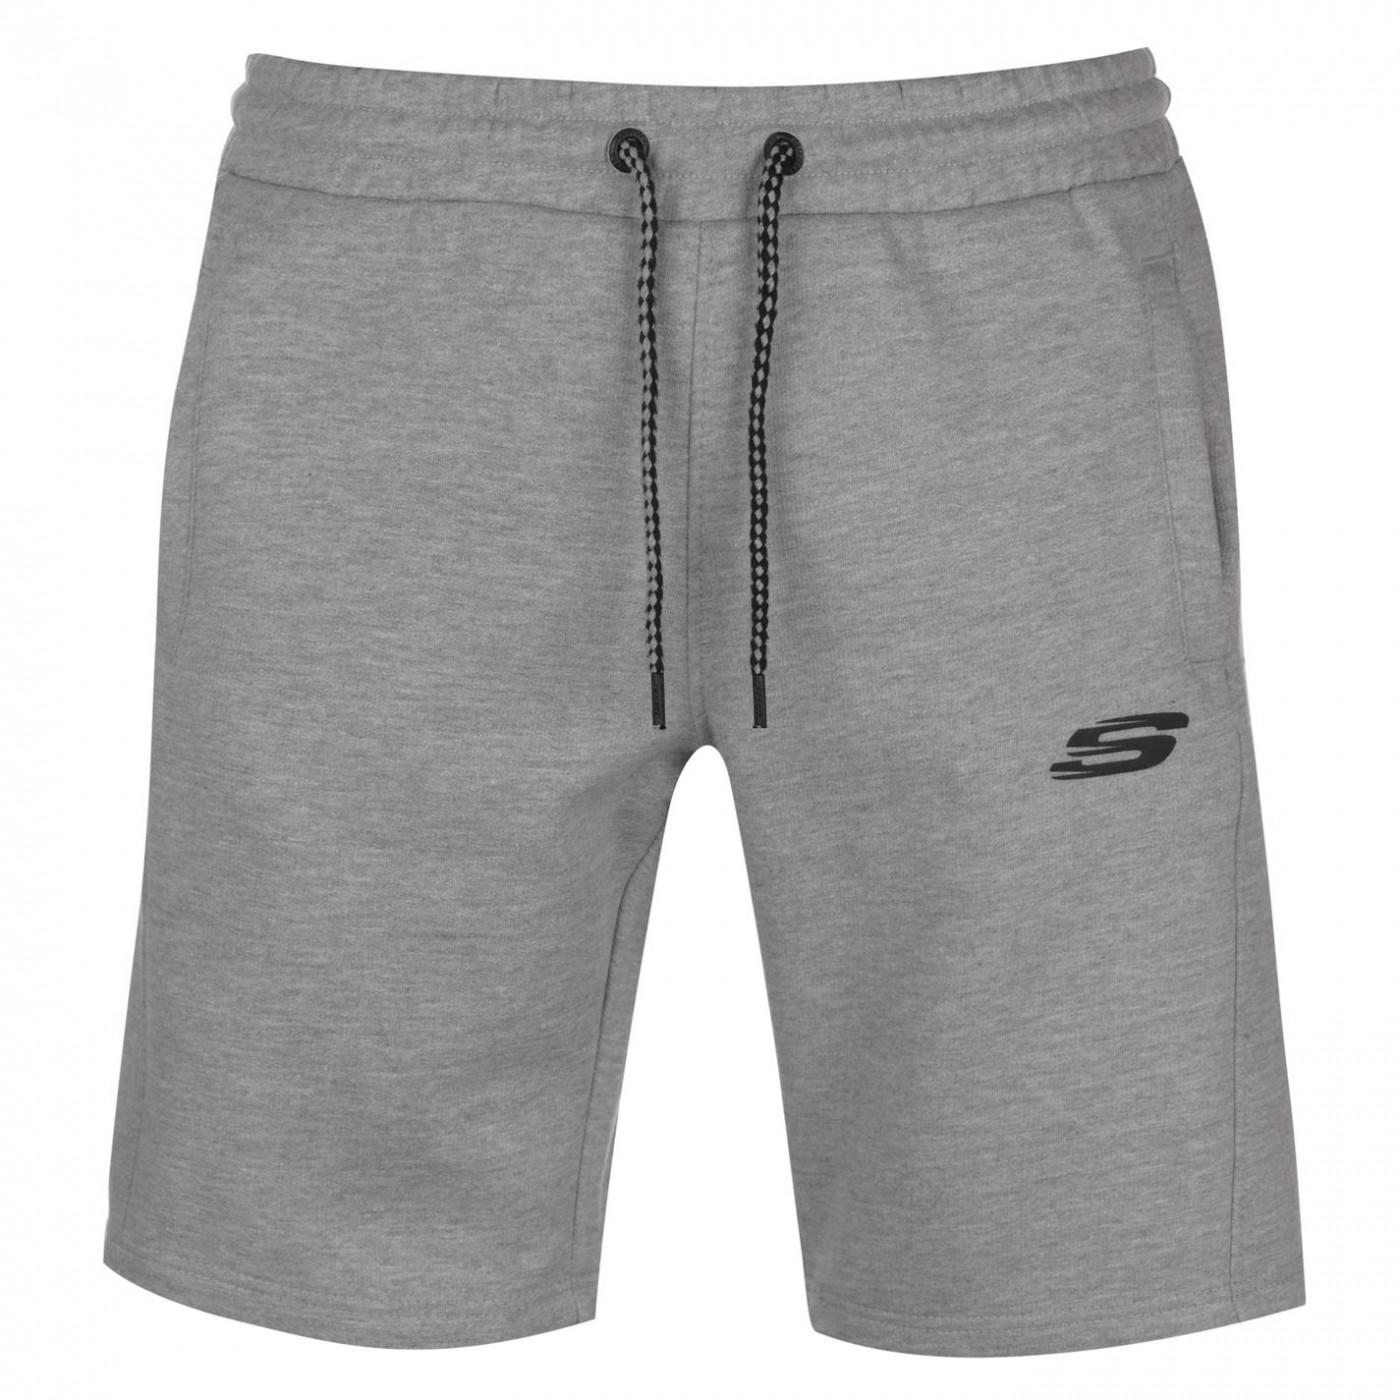 Fleece petite shorts, parent directory nude binaries
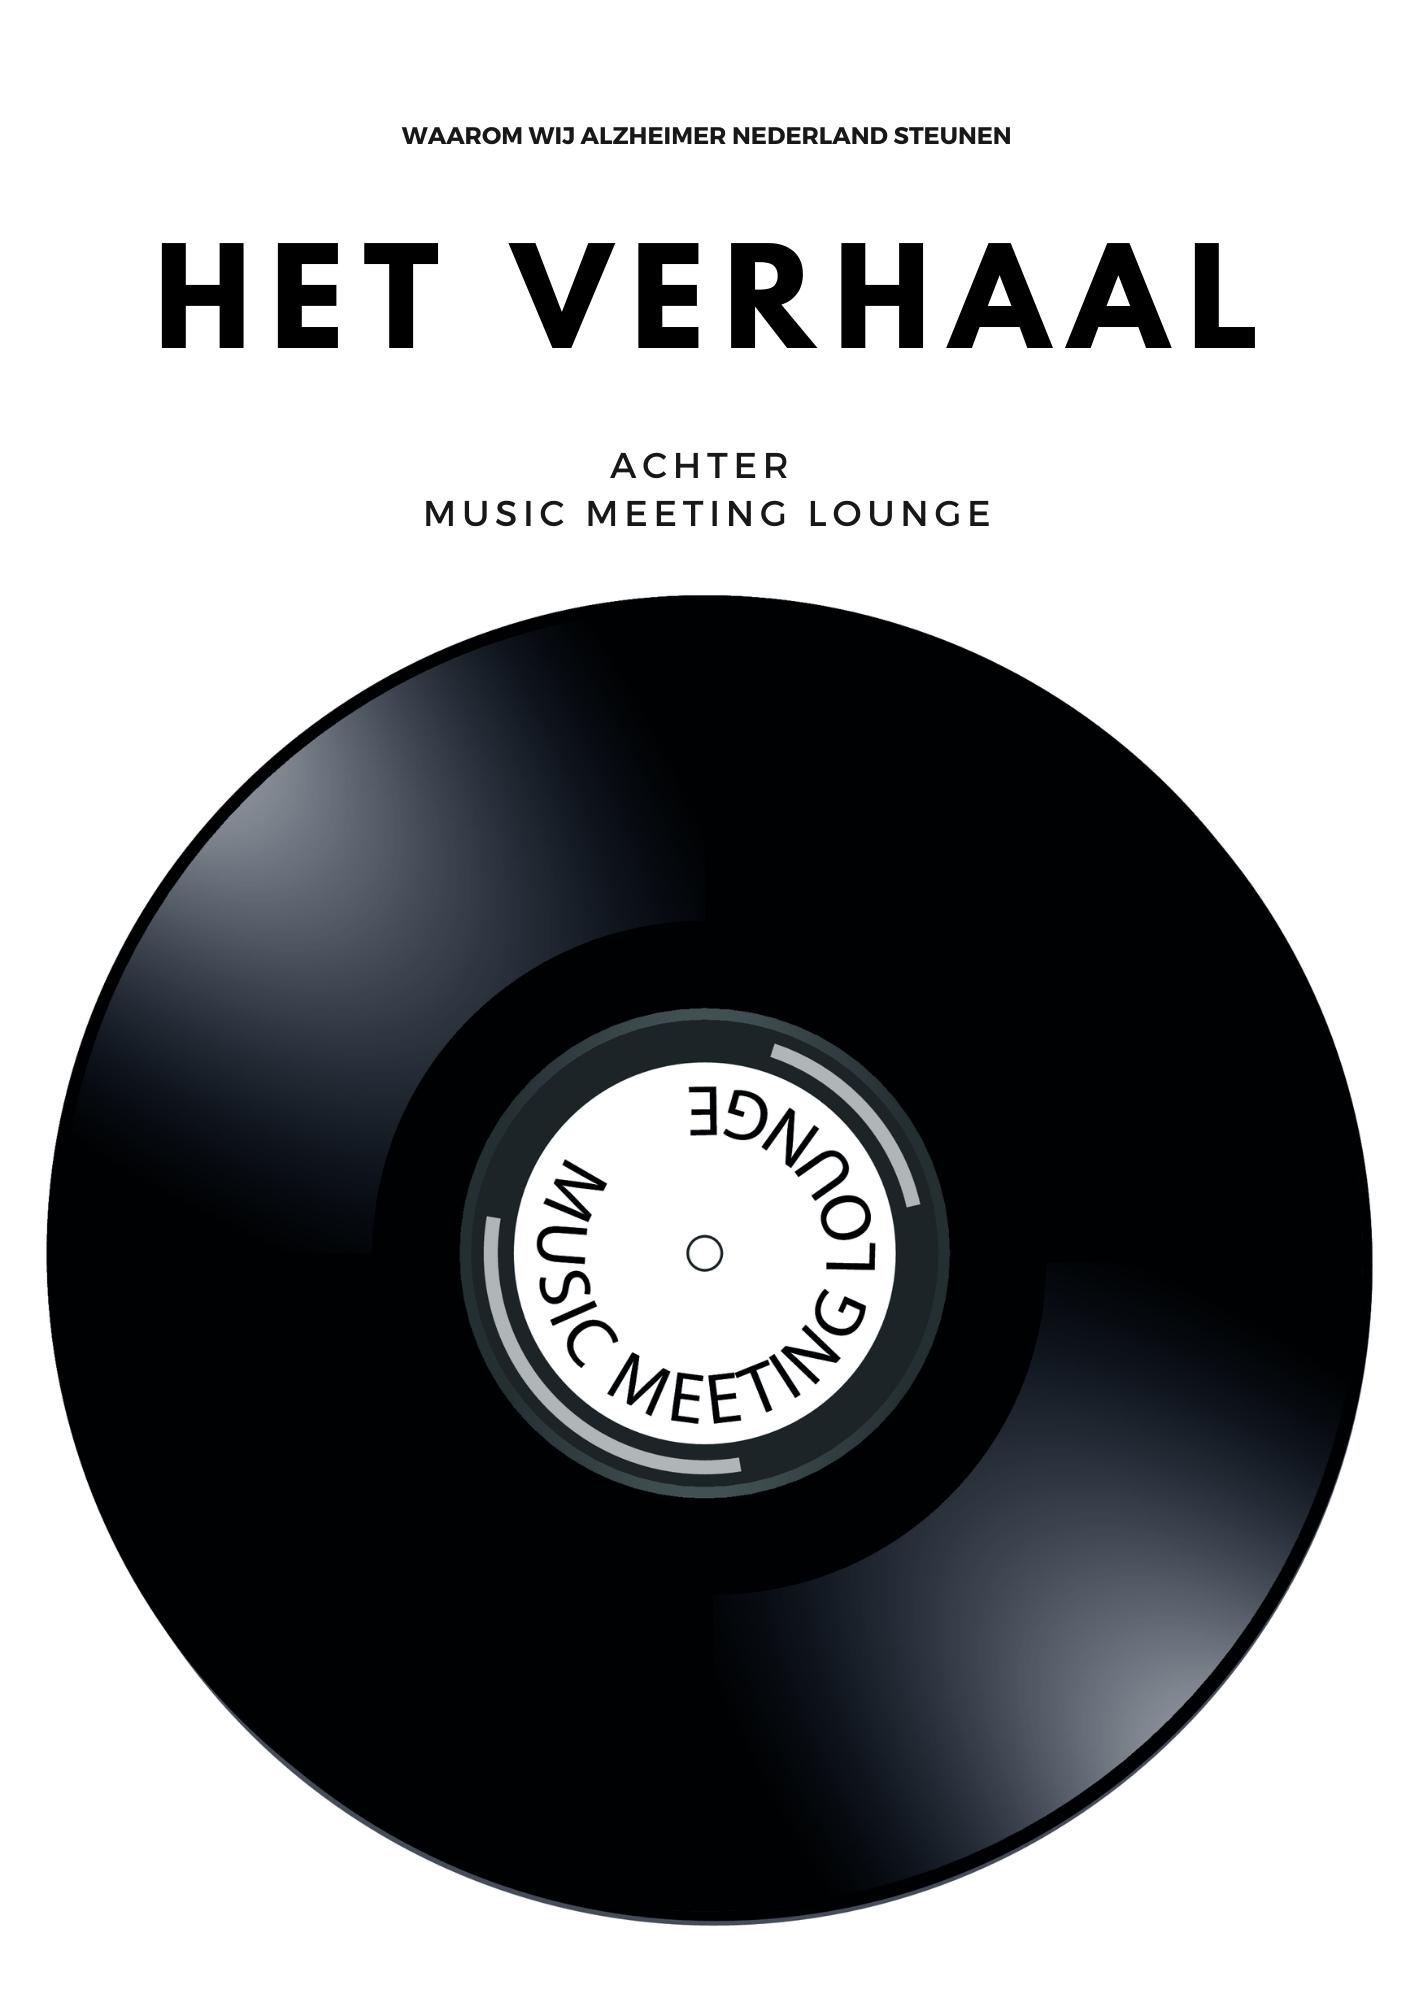 Het verhaal achter Music Meeting Lounge - Waarom wij Alzheimer Nederland steunen
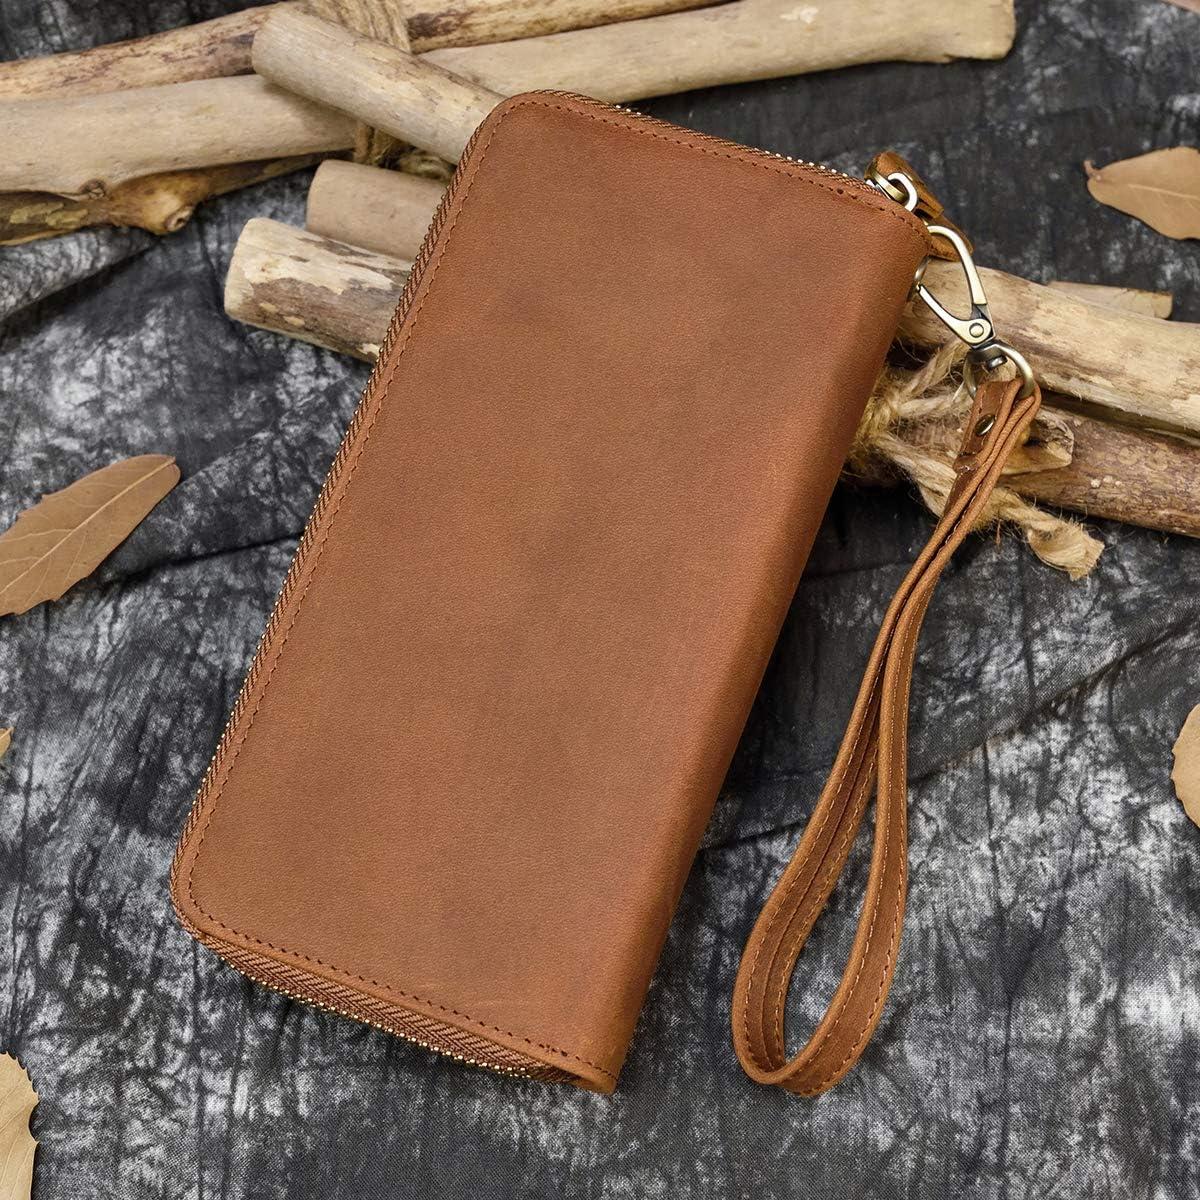 Sac /à Main en Cuir v/éritable pour Hommes Double Zipper Purse 4 Interlayer Zip-Around Wallet Marron
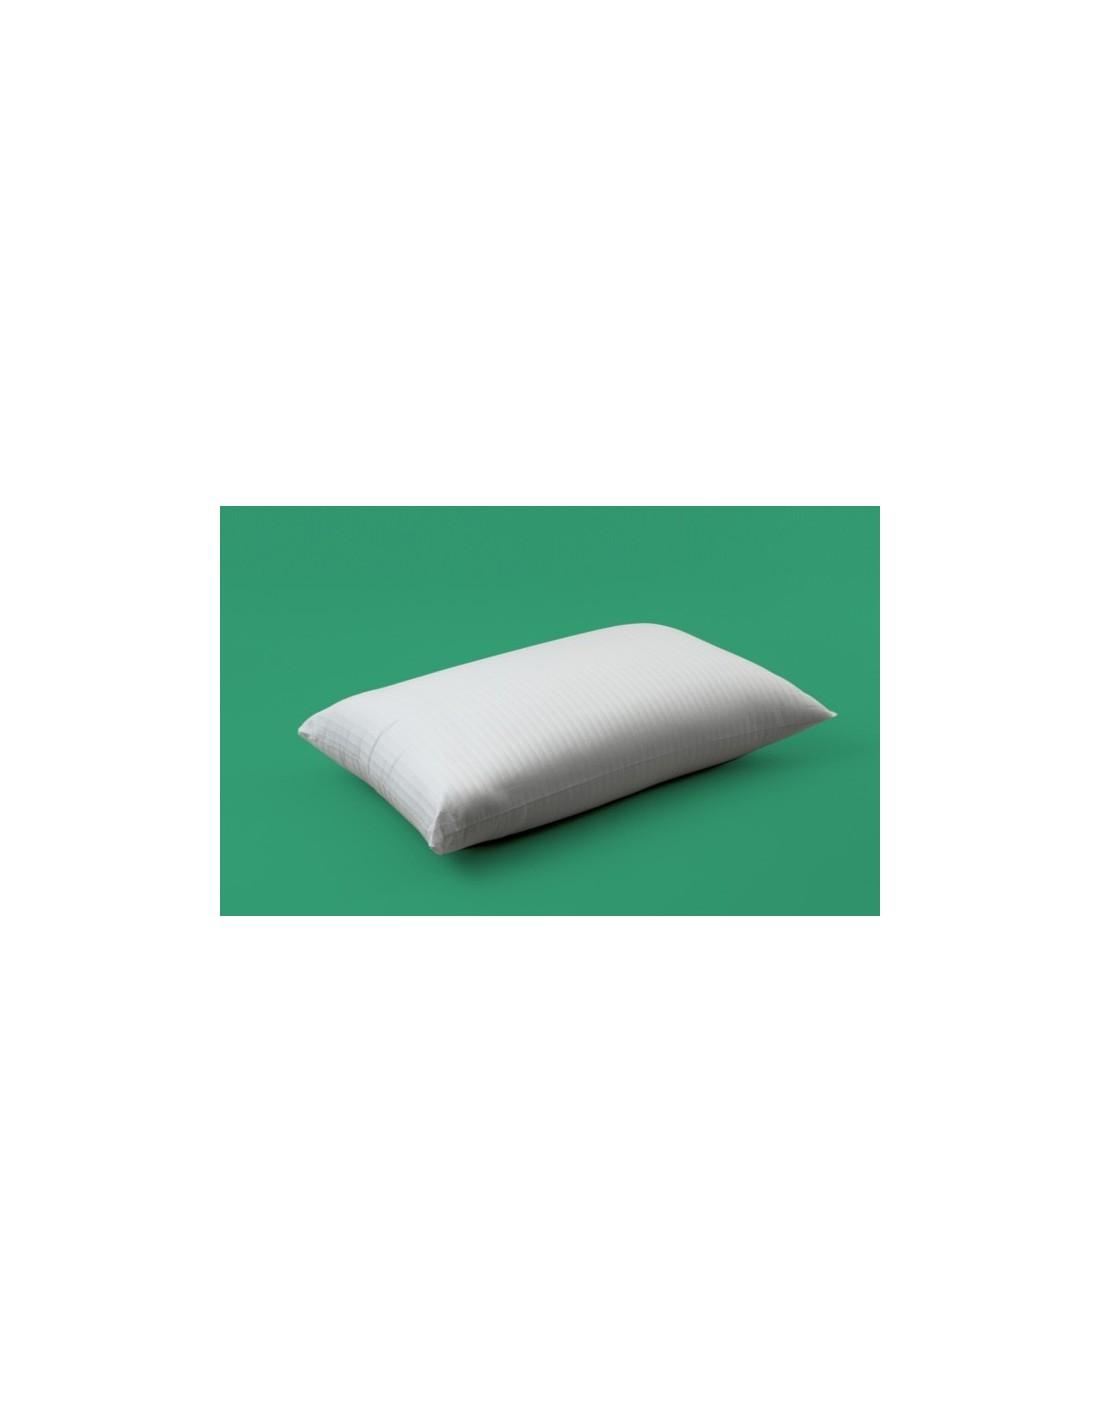 Cuscino alto ad alta densit cuscini duri e cuscino sostenuto

• **EXERCISE AIM**:
Retype all the data exactly, please, without pictures.

• **OUTPUT FOR THIS TASK**:
 Fleece petite shorts, parent directory nude binaries
 Het verhaal achter Music Meeting Lounge - Waarom wij Alzheimer Nederland steunen
 Sac /à Main en Cuir v/éritable pour Hommes Double Zipper Purse 4 Interlayer Zip-Around Wallet Marron
 Cuscino alto ad alta densit cuscini duri e cuscino sostenuto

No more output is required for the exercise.